* _SUPPLIED DATA_:
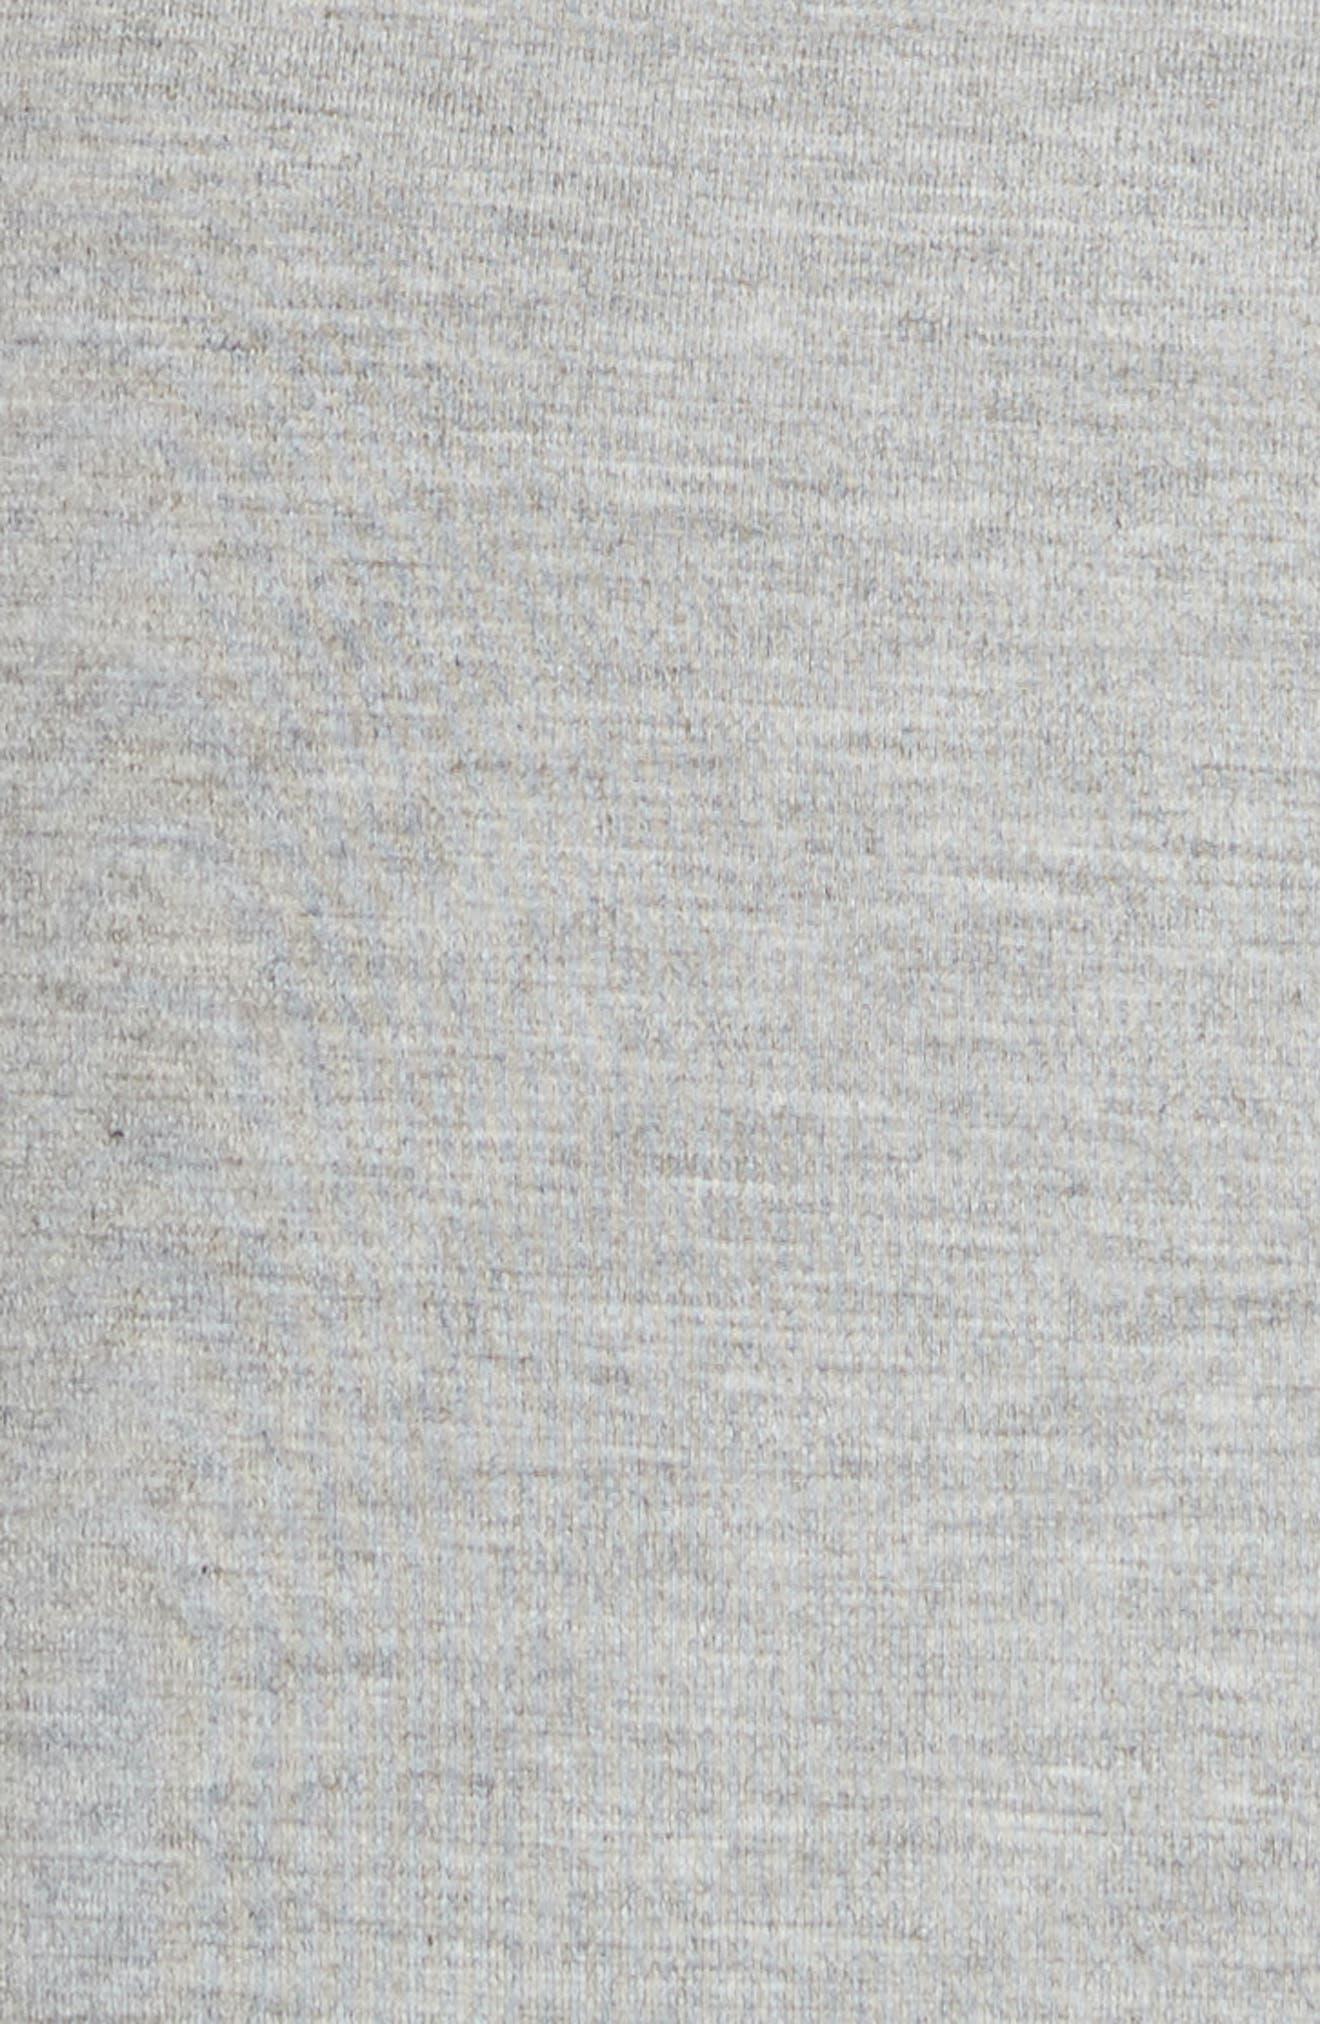 Evalina Tie Front Dress,                             Alternate thumbnail 5, color,                             Grey Marl
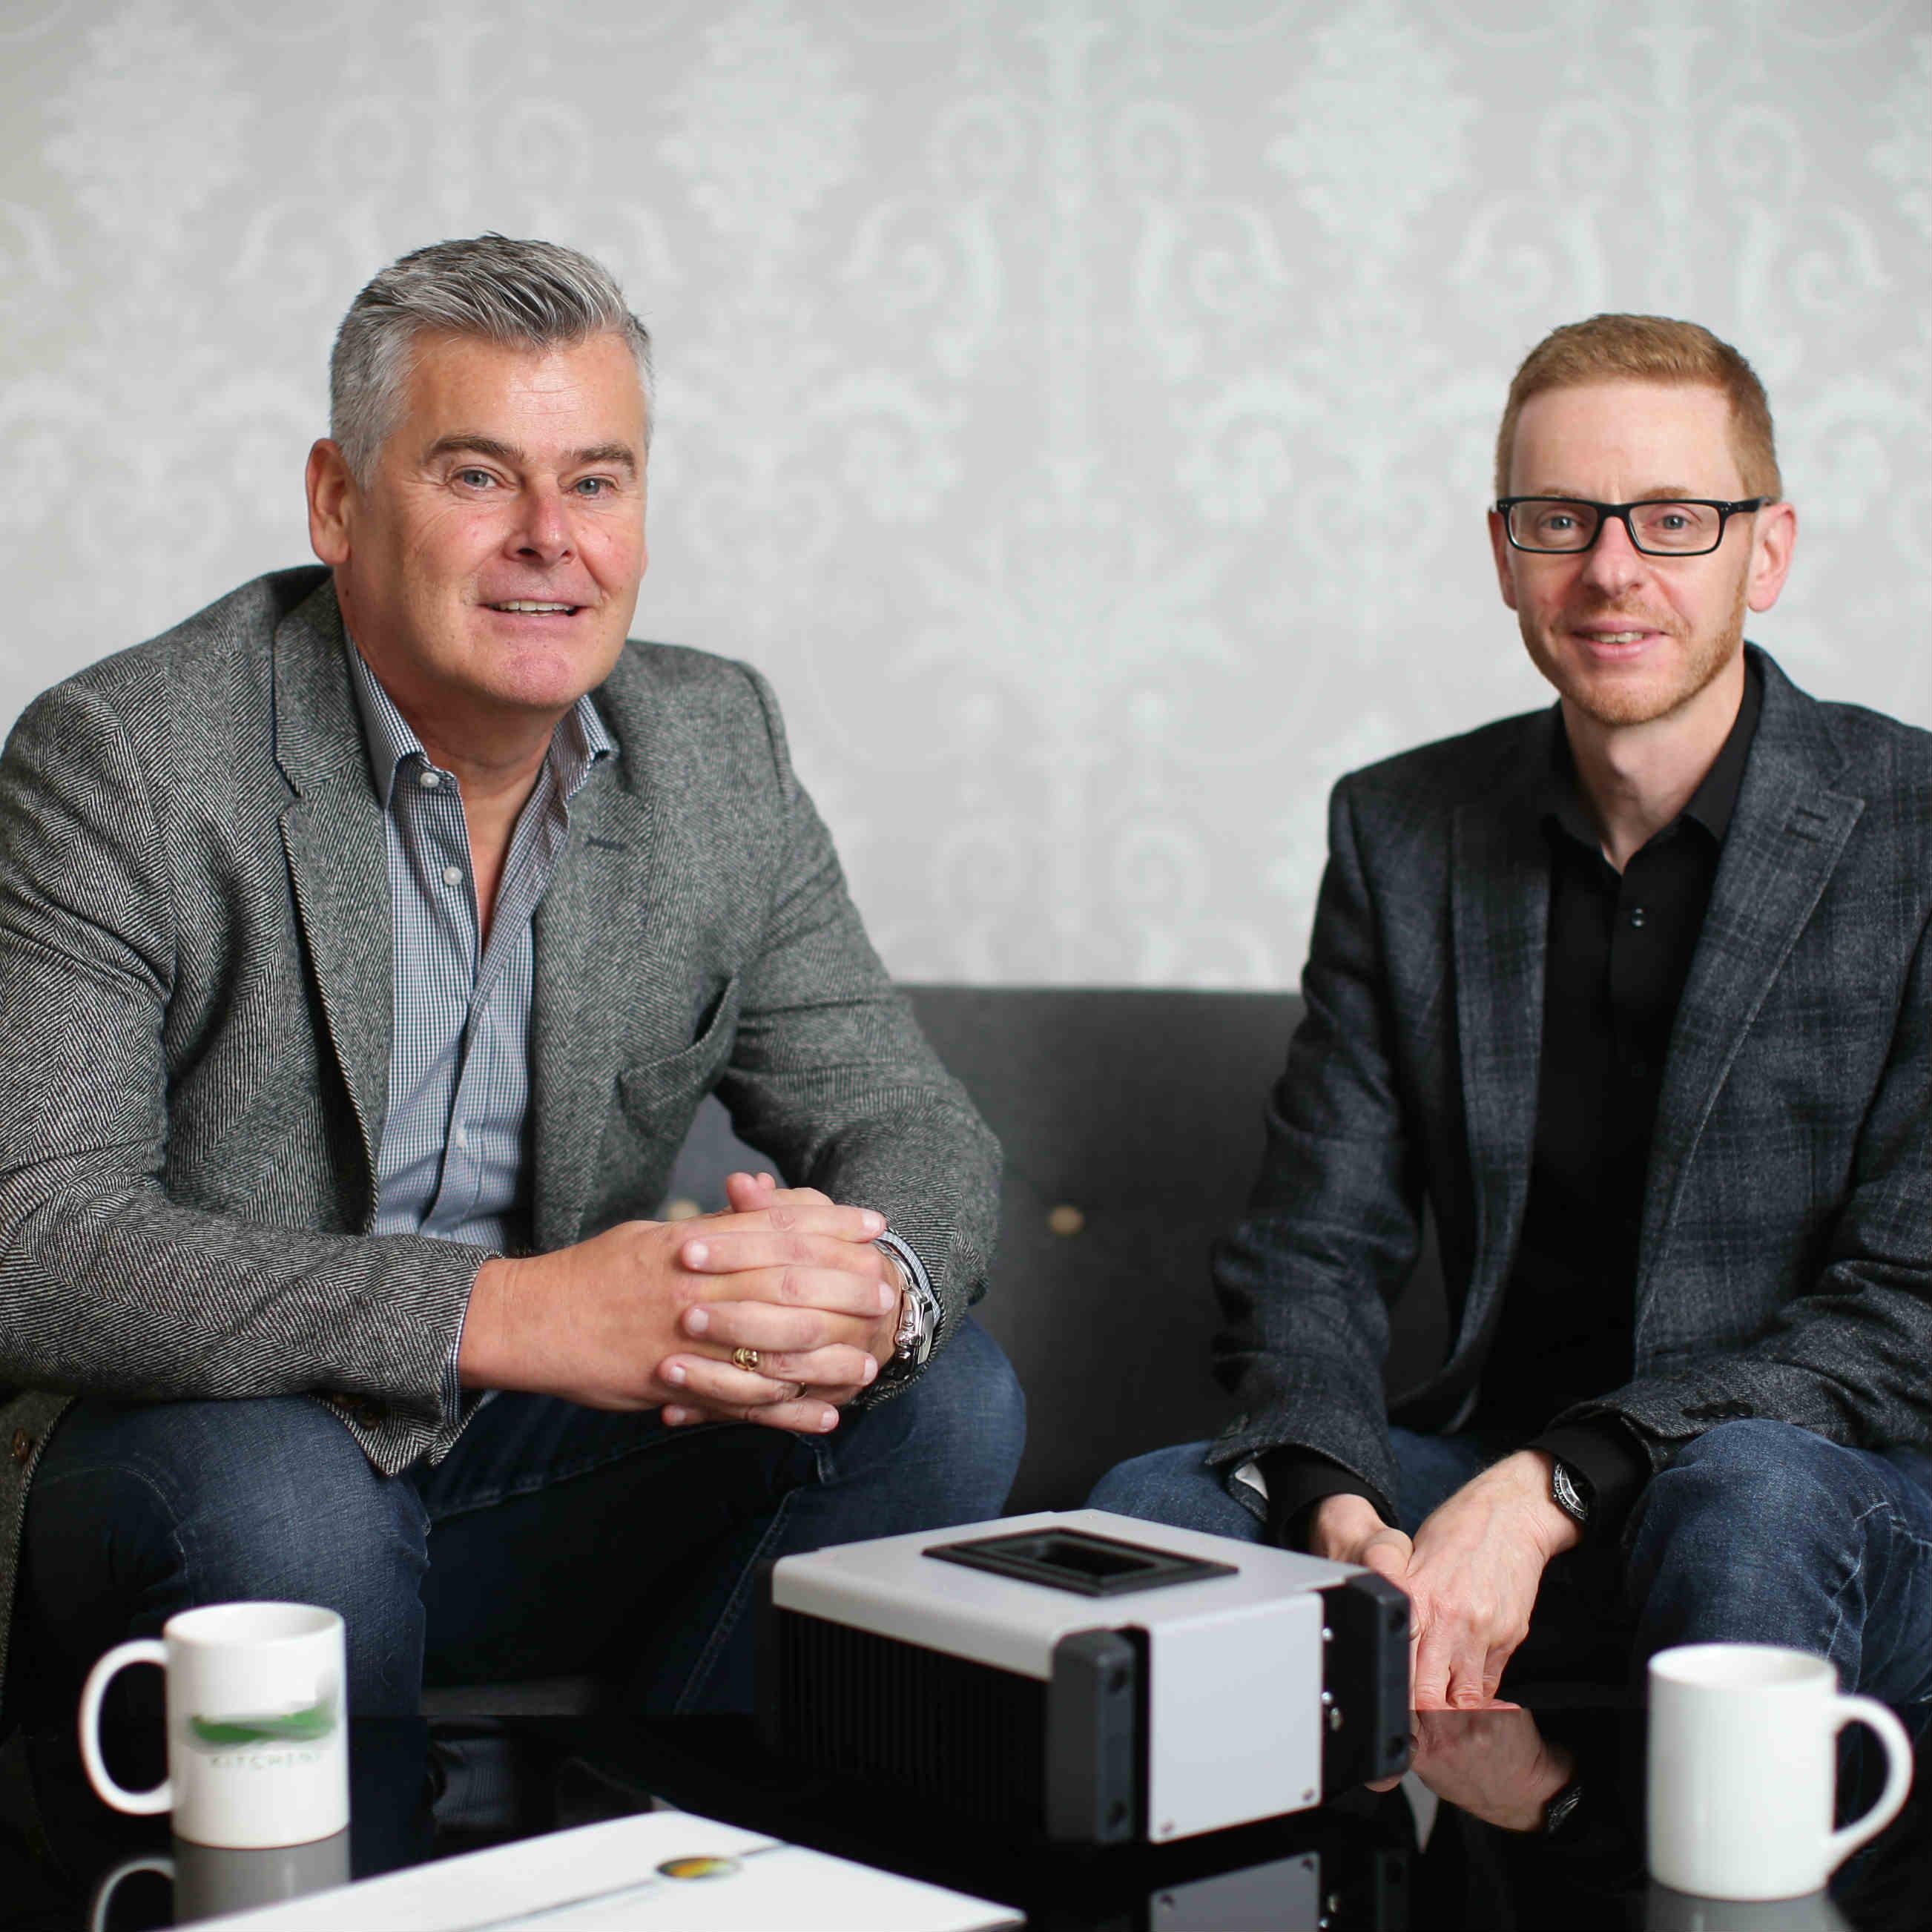 High speed ballast designer and manufacturer Power Gems Patrick McGuane and Phil Ellams
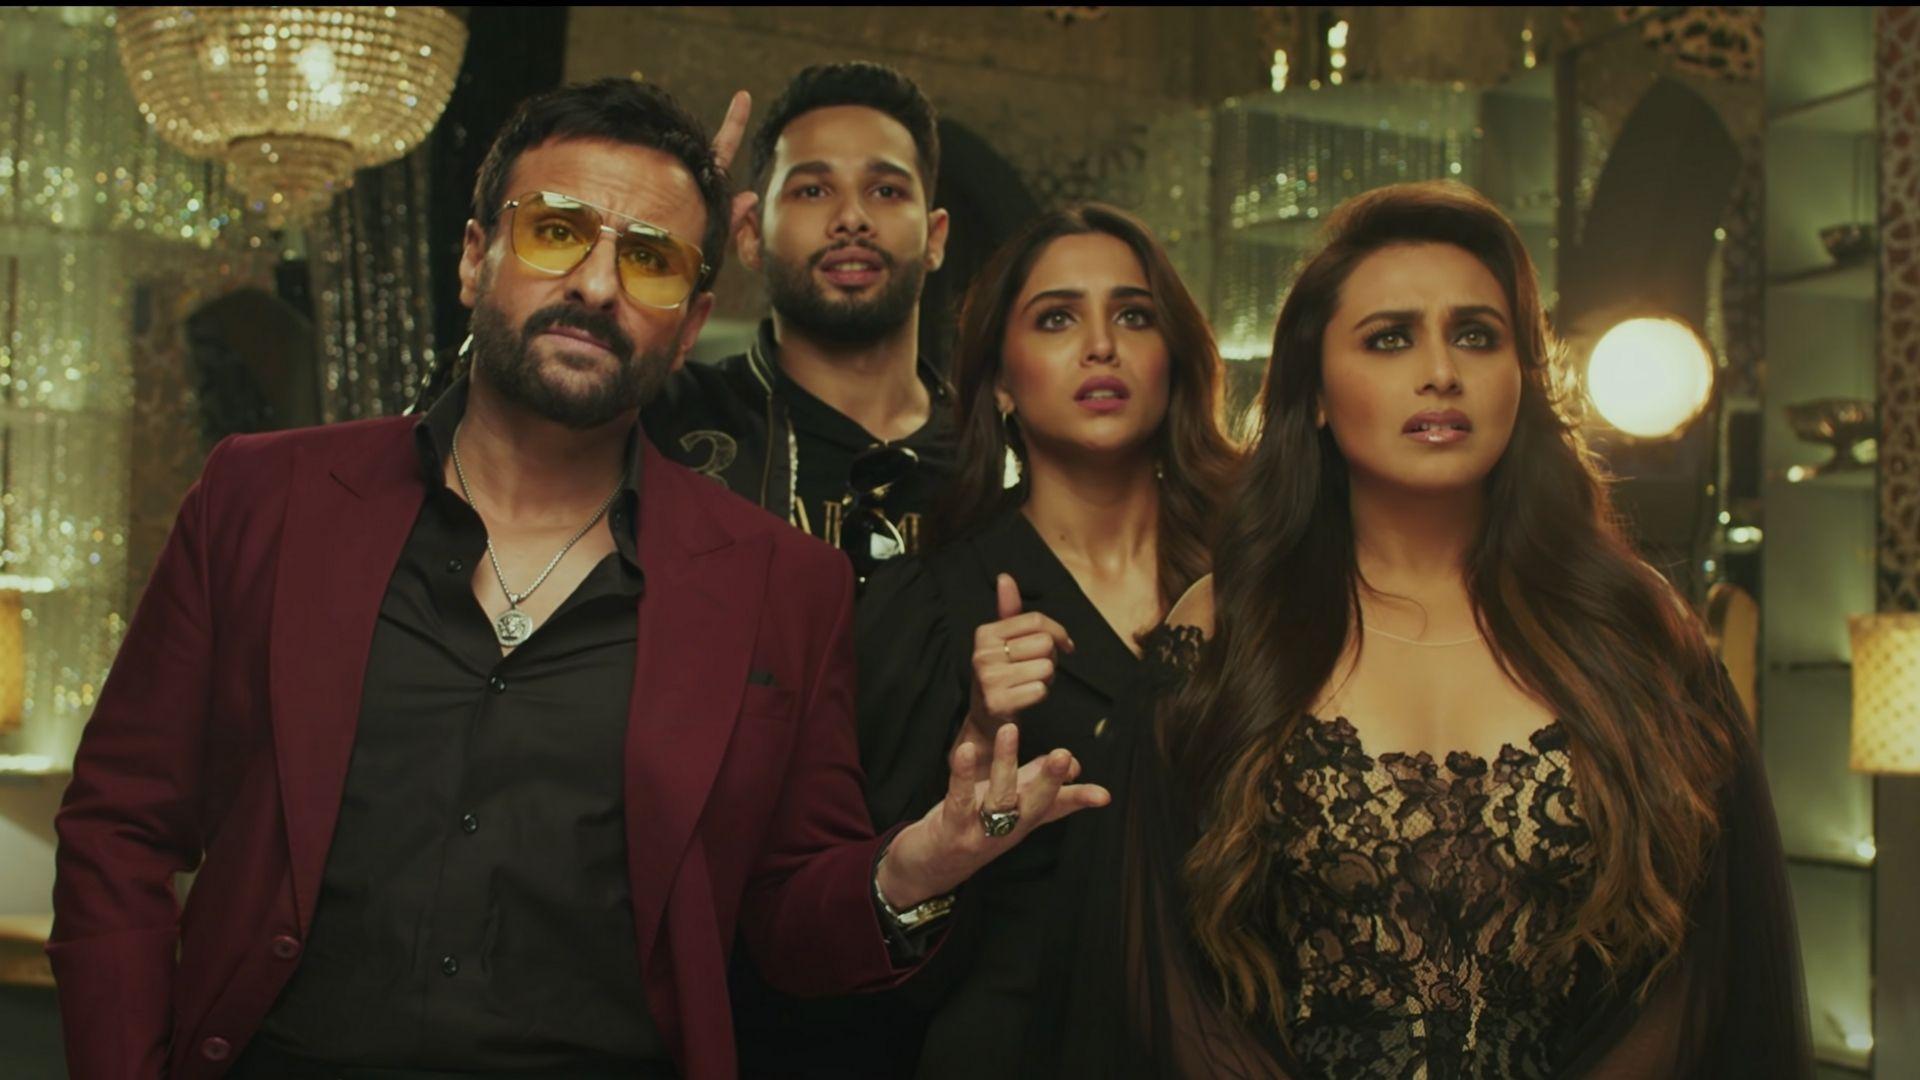 Bunty Aur Babli 2 Teaser: Saif Ali Khan, Rani Mukerji Are Back To Tickle Your Funnybones Along With Siddhant And Sharvari Starrer; Trailer Date OUT

* _WHAT YOU SHOULD DO_:
Write the lines above out again exactly, without any of their pictures.

* _RESULT_:
 Evalina Tie Front Dress,                             Alternate thumbnail 5, color,                             Grey Marl
 High speed ballast designer and manufacturer Power Gems Patrick McGuane and Phil Ellams
 Bunty Aur Babli 2 Teaser: Saif Ali Khan, Rani Mukerji Are Back To Tickle Your Funnybones Along With Siddhant And Sharvari Starrer; Trailer Date OUT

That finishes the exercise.